- _What to work on_
Here is the task for the listing below: output exactly the lines from the one containing "Unique Clip Art Christmas Tree Images" through the one containing "Baratos.Online las mejores", and leave out the pictures.

- _Records to use_
+ + + +

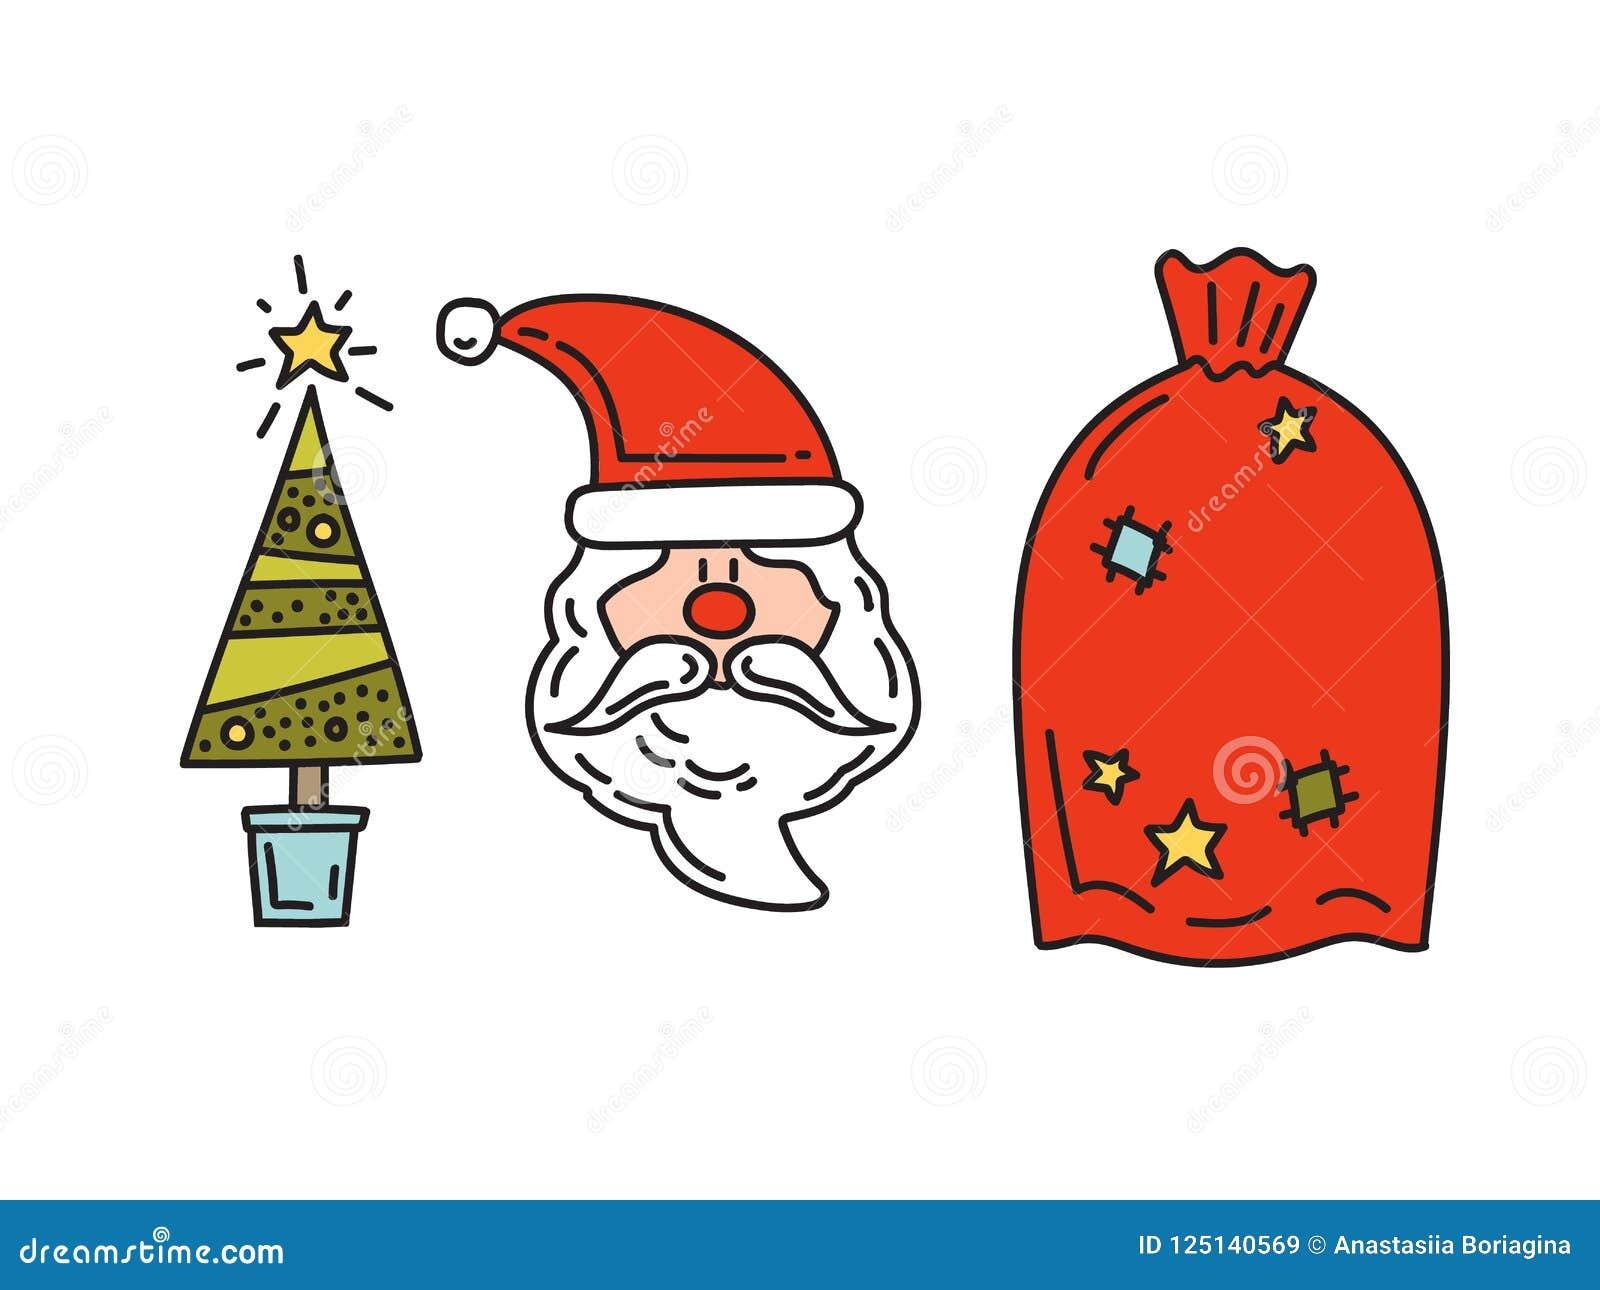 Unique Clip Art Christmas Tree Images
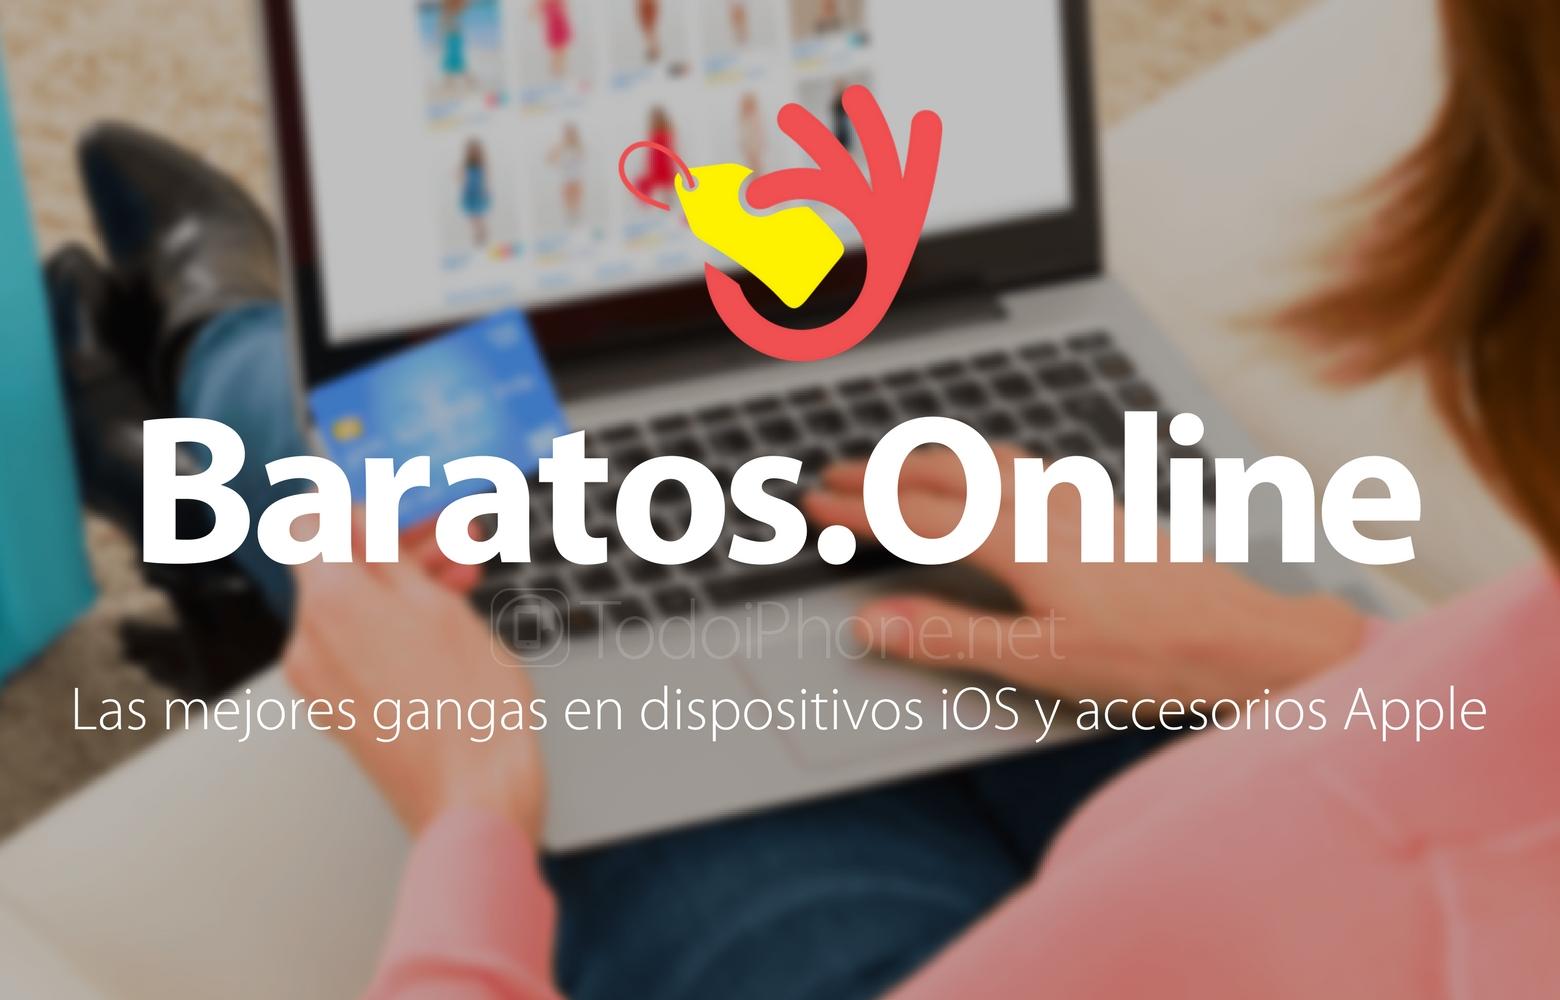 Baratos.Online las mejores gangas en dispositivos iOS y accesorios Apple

+ + + +

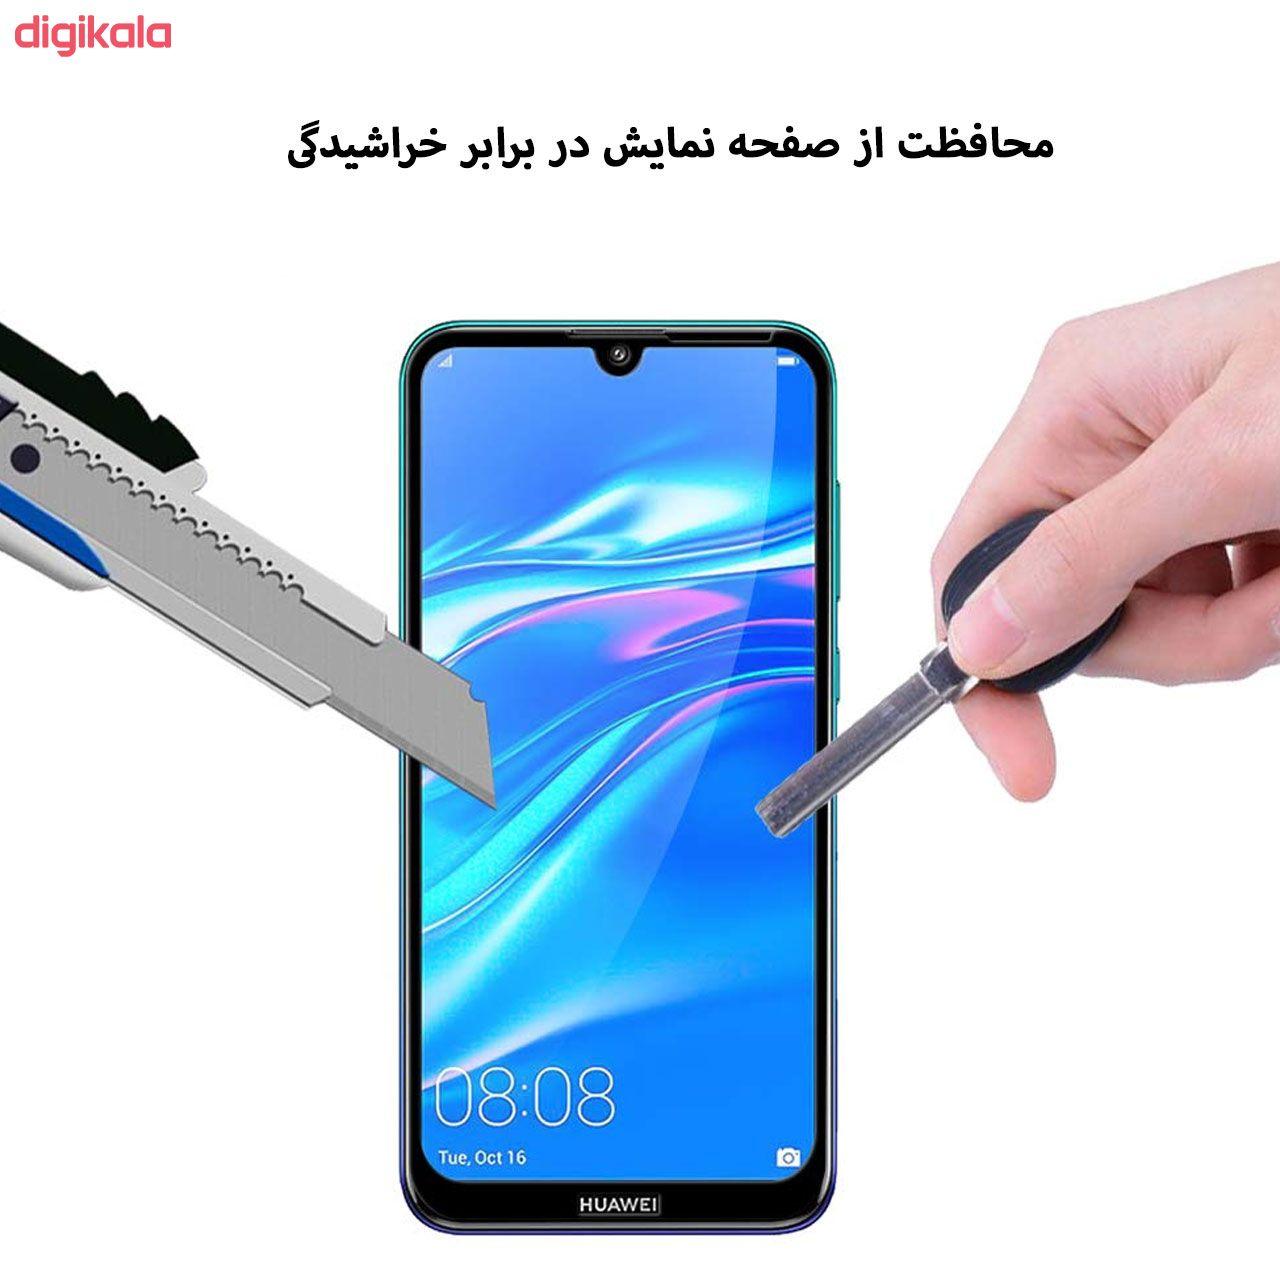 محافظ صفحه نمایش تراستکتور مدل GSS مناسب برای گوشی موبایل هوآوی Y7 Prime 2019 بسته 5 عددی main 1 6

+ + + +

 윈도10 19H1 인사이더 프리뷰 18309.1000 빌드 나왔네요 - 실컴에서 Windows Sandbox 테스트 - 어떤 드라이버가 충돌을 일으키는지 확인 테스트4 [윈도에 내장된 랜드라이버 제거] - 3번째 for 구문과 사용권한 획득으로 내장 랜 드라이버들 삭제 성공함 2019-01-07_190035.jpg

+ + + +

- _Finished exercise_
 Unique Clip Art Christmas Tree Images
 Baratos.Online las mejores gangas en dispositivos iOS y accesorios Apple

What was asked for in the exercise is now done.